How do you know if you have high blood pressure? Symptoms are rare until end organ damage is well underway, so you must depend on routine measurements, and sort out whether or not the anxiety produced by the measuring process is a culprit in raising the pressure. This sometimes means getting a home measuring device, or at least getting repeated checks in an environment away from a doctor’s office. Severe hypertension, with diastolic pressures of 140 or more, can produce headaches, dizziness and blurred vision and is a medical emergency – fortunately uncommon.
Of the numerous factors correlated with essential hypertension, age and family history are the most common and the least “treatable.” But the other common factors – inactivity, obesity, excessive salt intake (greater than 5.8 gms/day), lack of sleep, and excessive alcohol intake – help time accomplish its negative work. These factors, at least, are under some voluntary control, and the platform of treatment of essential hypertension is diet and exercise. For every 25 lbs of weight lost, blood pressure can drop about 3 points. Regular, vigorous aerobic exercise stimulates capillary expansion to accommodate the demand for blood by the nervous system and muscles. Thirty to 45 minutes of daily aerobic exercise yields drops of 5-15 mm, and helps normalize weight.

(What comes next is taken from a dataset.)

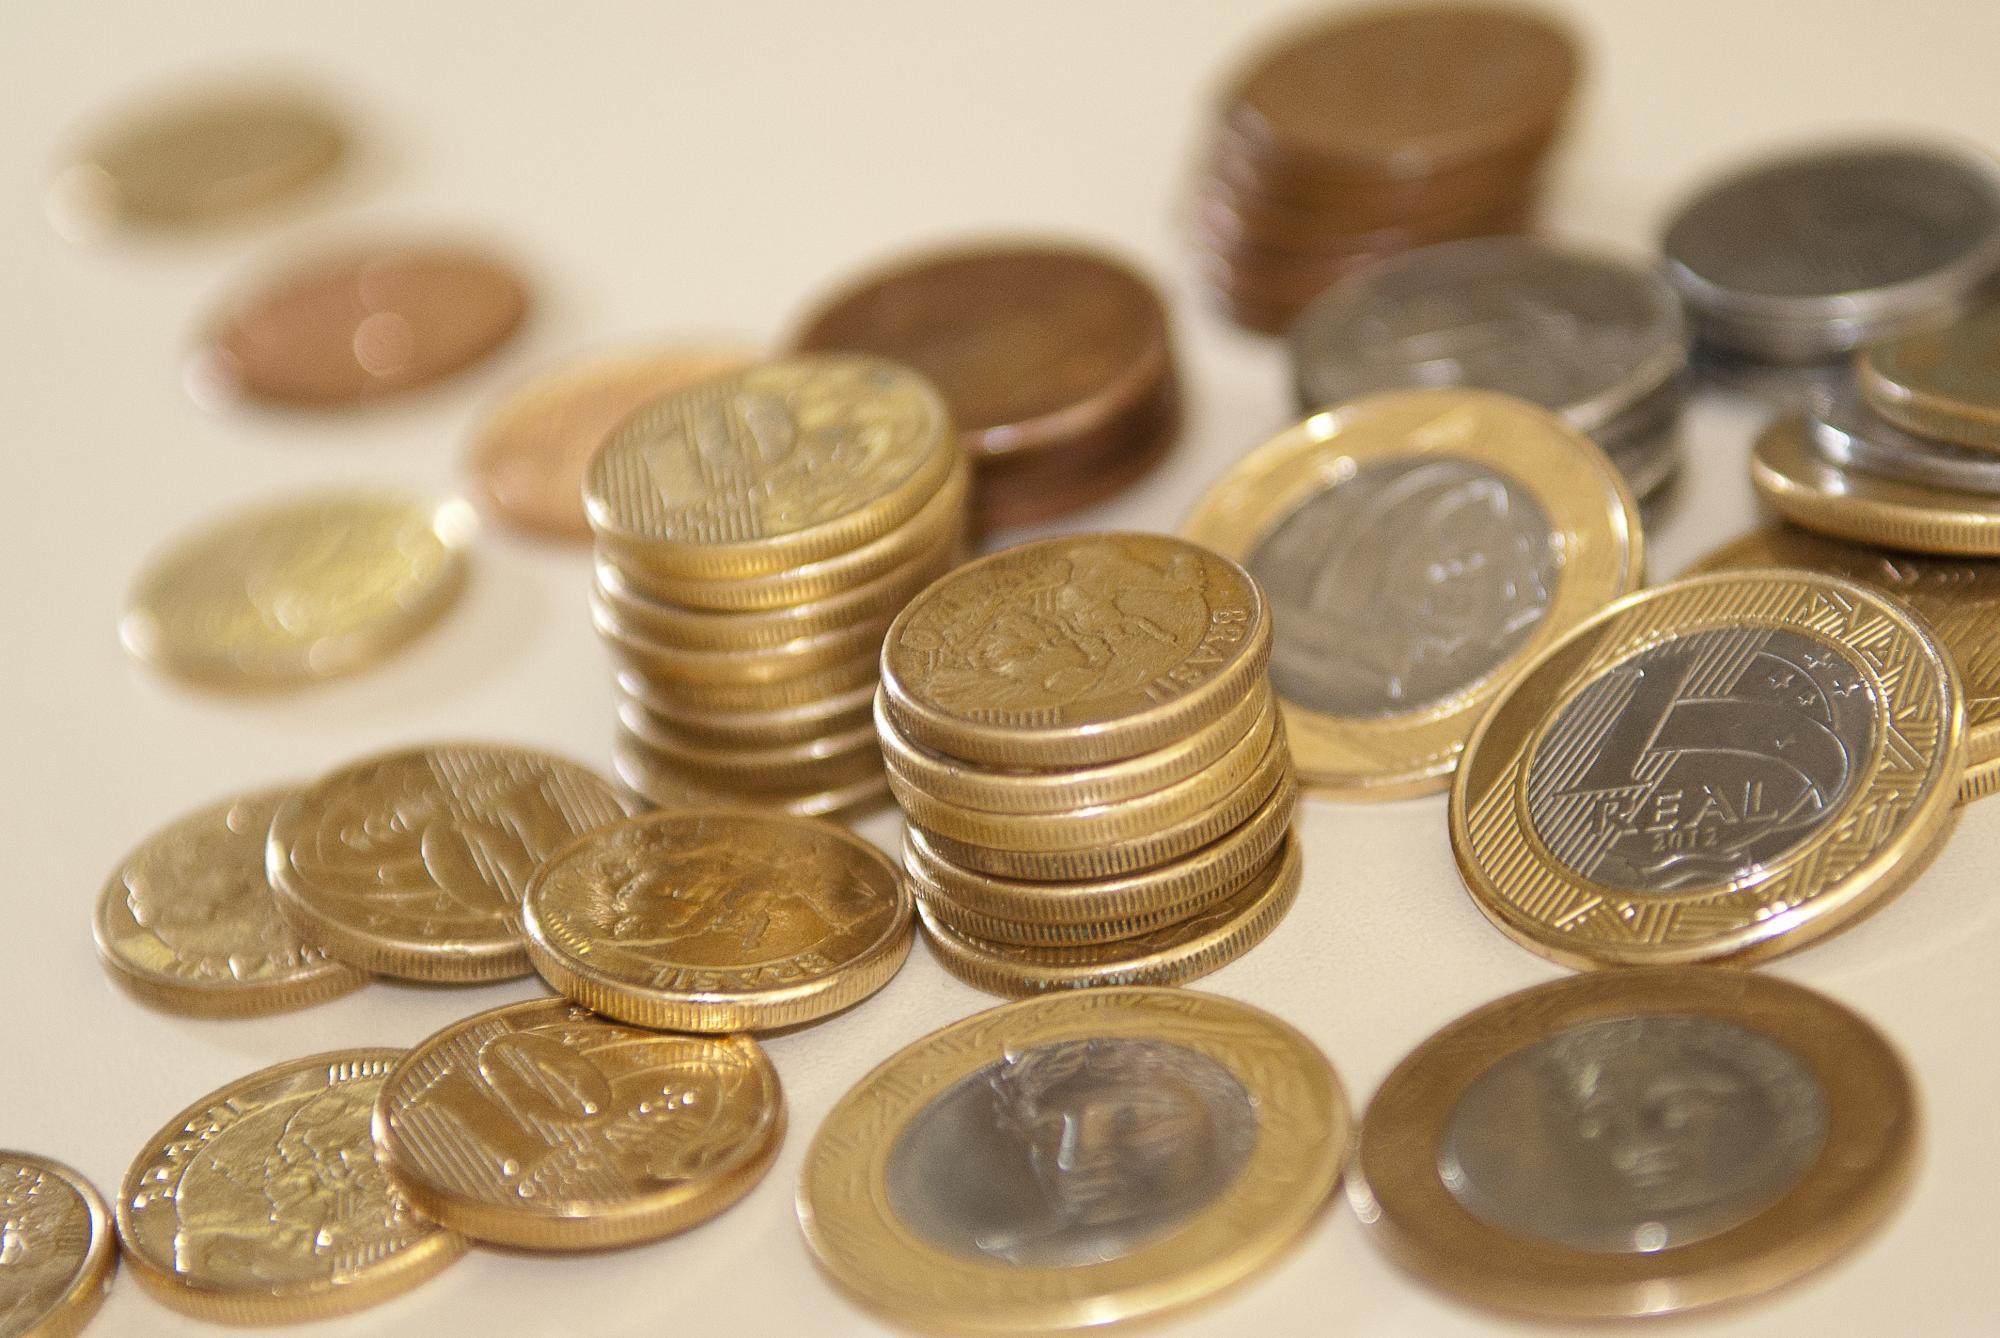 CDL de Ituporanga lança campanha para incentivar circulação de moedas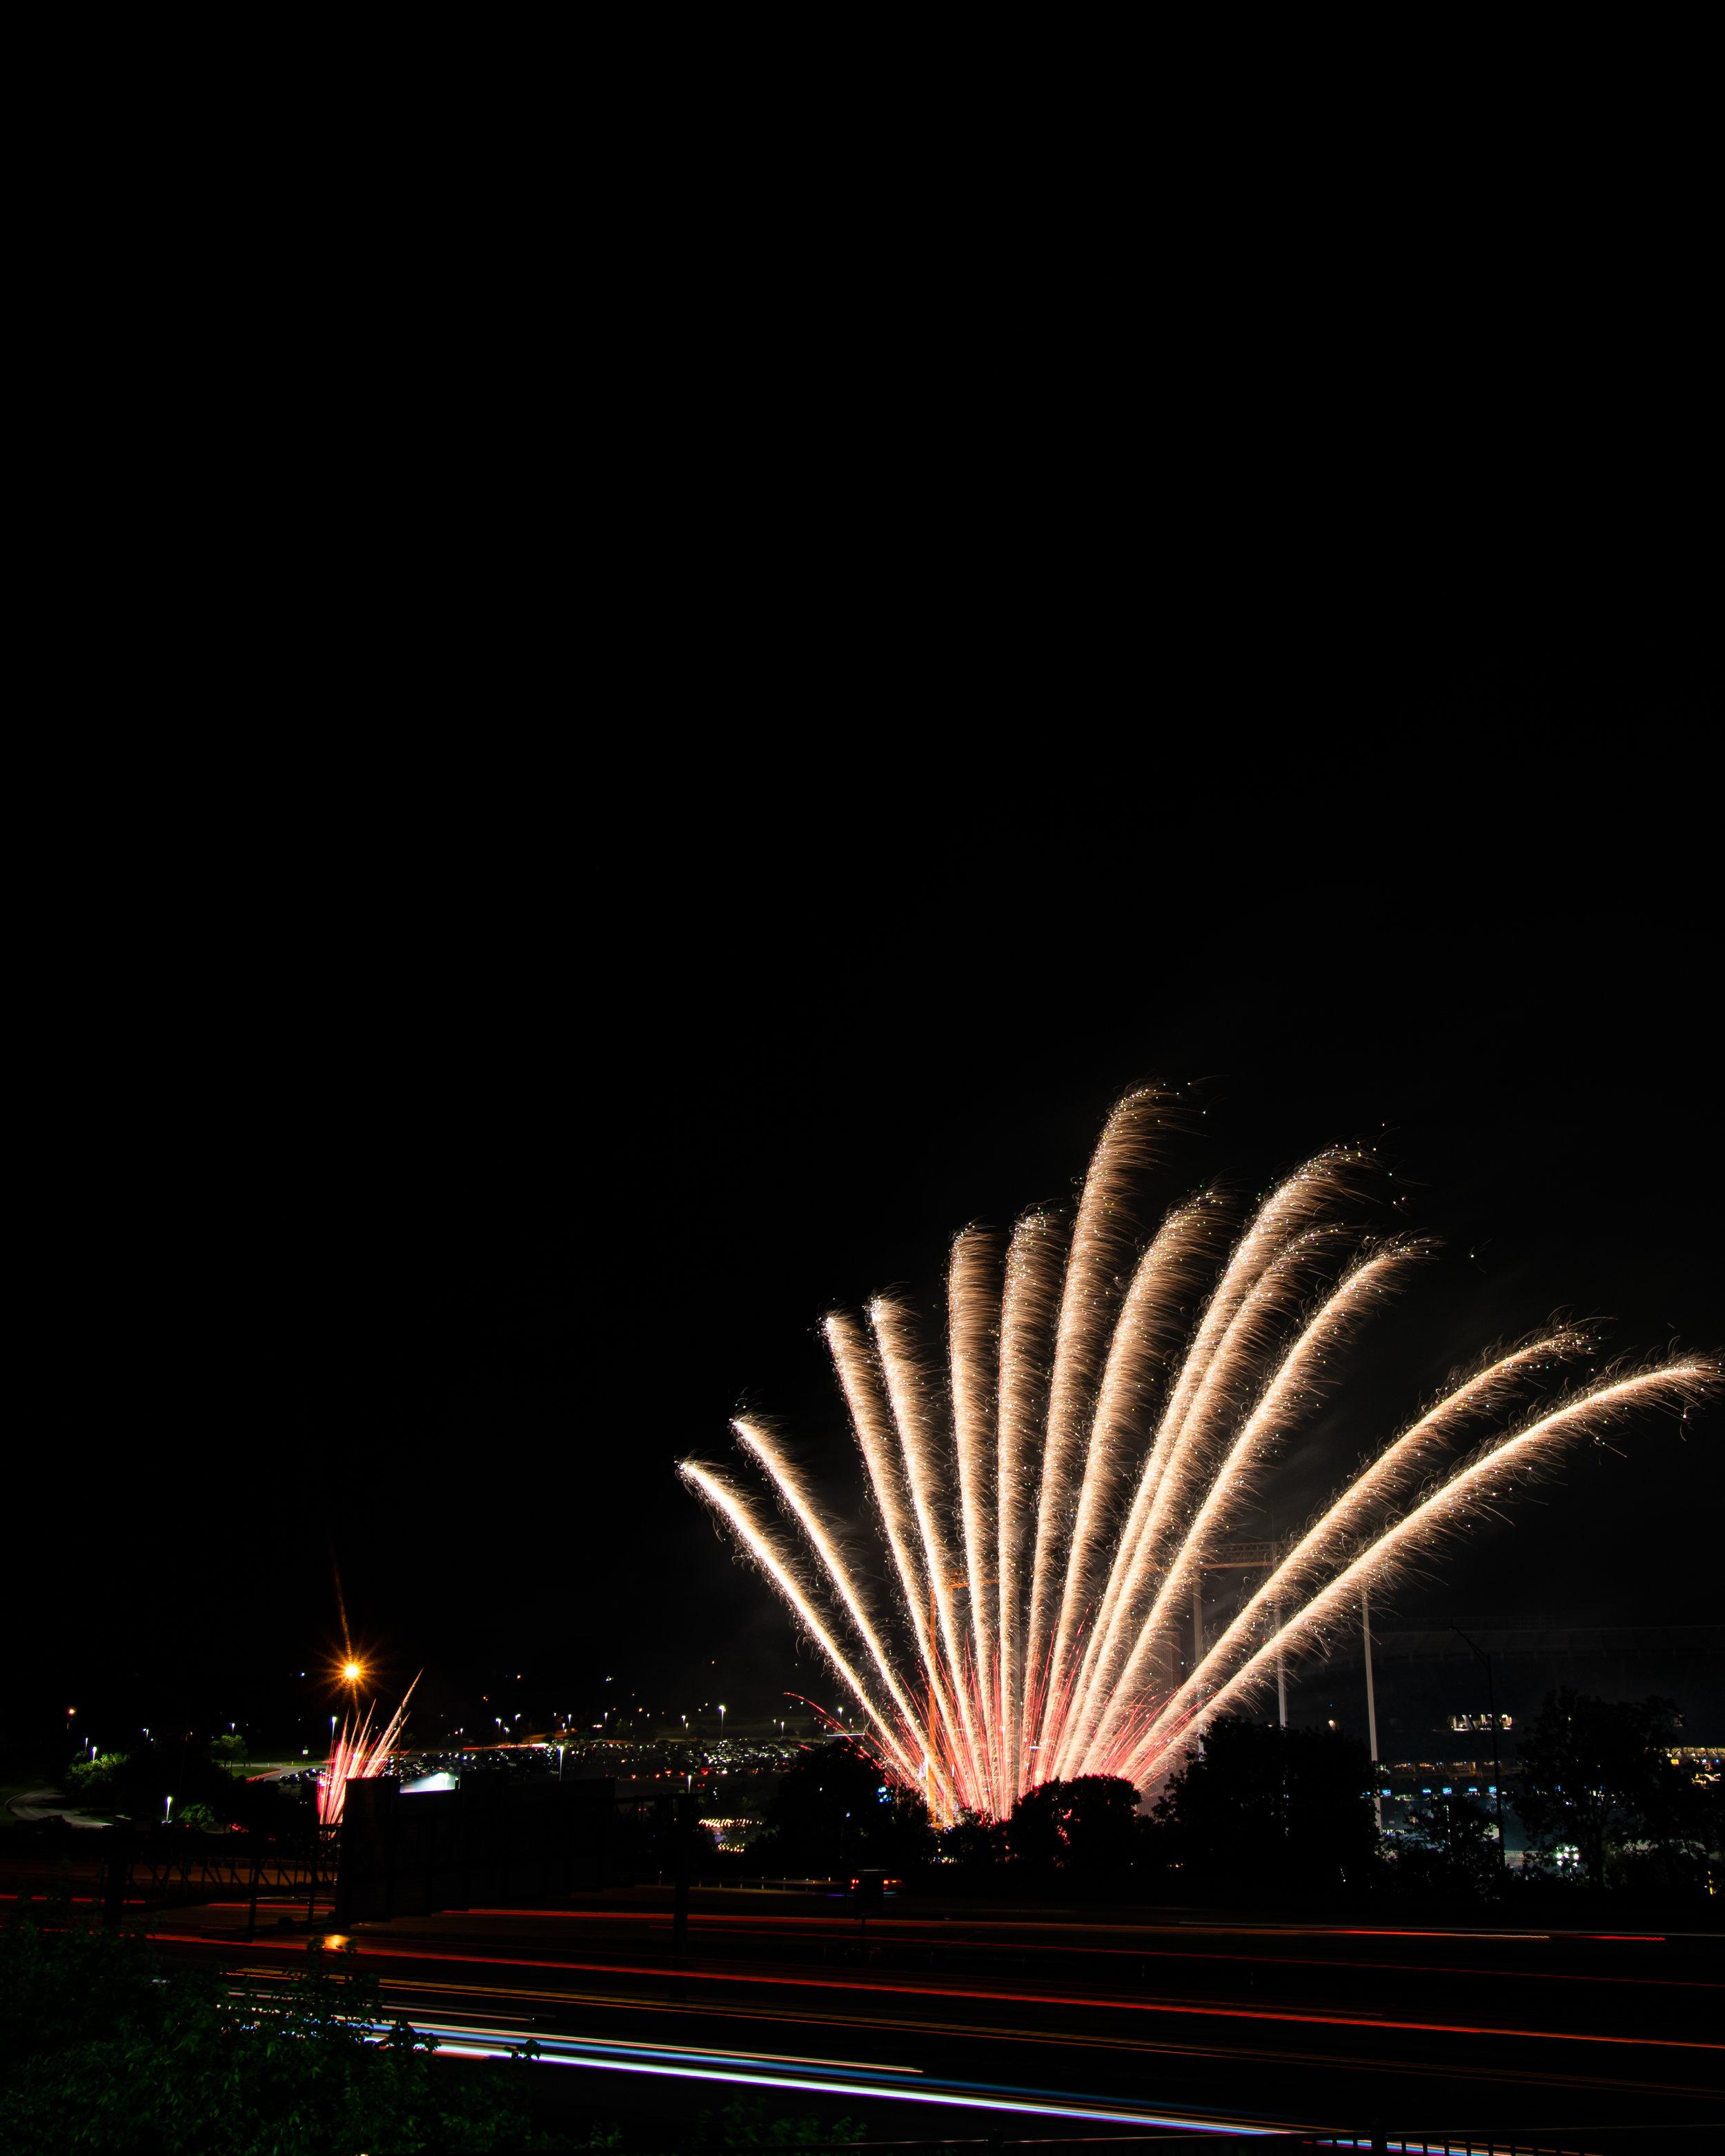 firework-friday-39-of-51_48108321433_o.jpg

Removing the salt shaker from the kitchen and minimizing processed food drops daily salt intake.
Even with the best of lifestyles, anti-hypertensive medicines are sometimes necessary. Each patient’s health picture determines the best options among the many available drugs. The mainstays of treatment affect the kidney hormones renin and angiotensin (ACE inhibitors), or block the effects of the autonomic nervous system (beta blockers), or help the kidneys release more salt (diuretics). Very often, combinations of two or even three drugs work better than one alone.
Because hypertension produces no symptoms, and its consequences lie far off in the imagined future, sticking with a treatment plan is often difficult. Achieving diet, weight and exercise goals and finding the best drug regimen with the most tolerable side effects require education, patience and commitment, without any obvious rewards (beyond seeing a lower number on the blood pressure monitor) – just like many of the most worthwhile things in life.
What about Meditation?
People skilled in meditation can certainly lower their blood pressure at the time they are practicing the discipline, but blood pressure returns to baseline when they return to routine activity. If the practice of meditation encourages mindfulness in other areas of life it may well decrease anxiety, reduce tension, and improve the self-discipline necessary for dietary restraint, regular exercise, and sufficient sleep – indirectly helping with blood pressure control.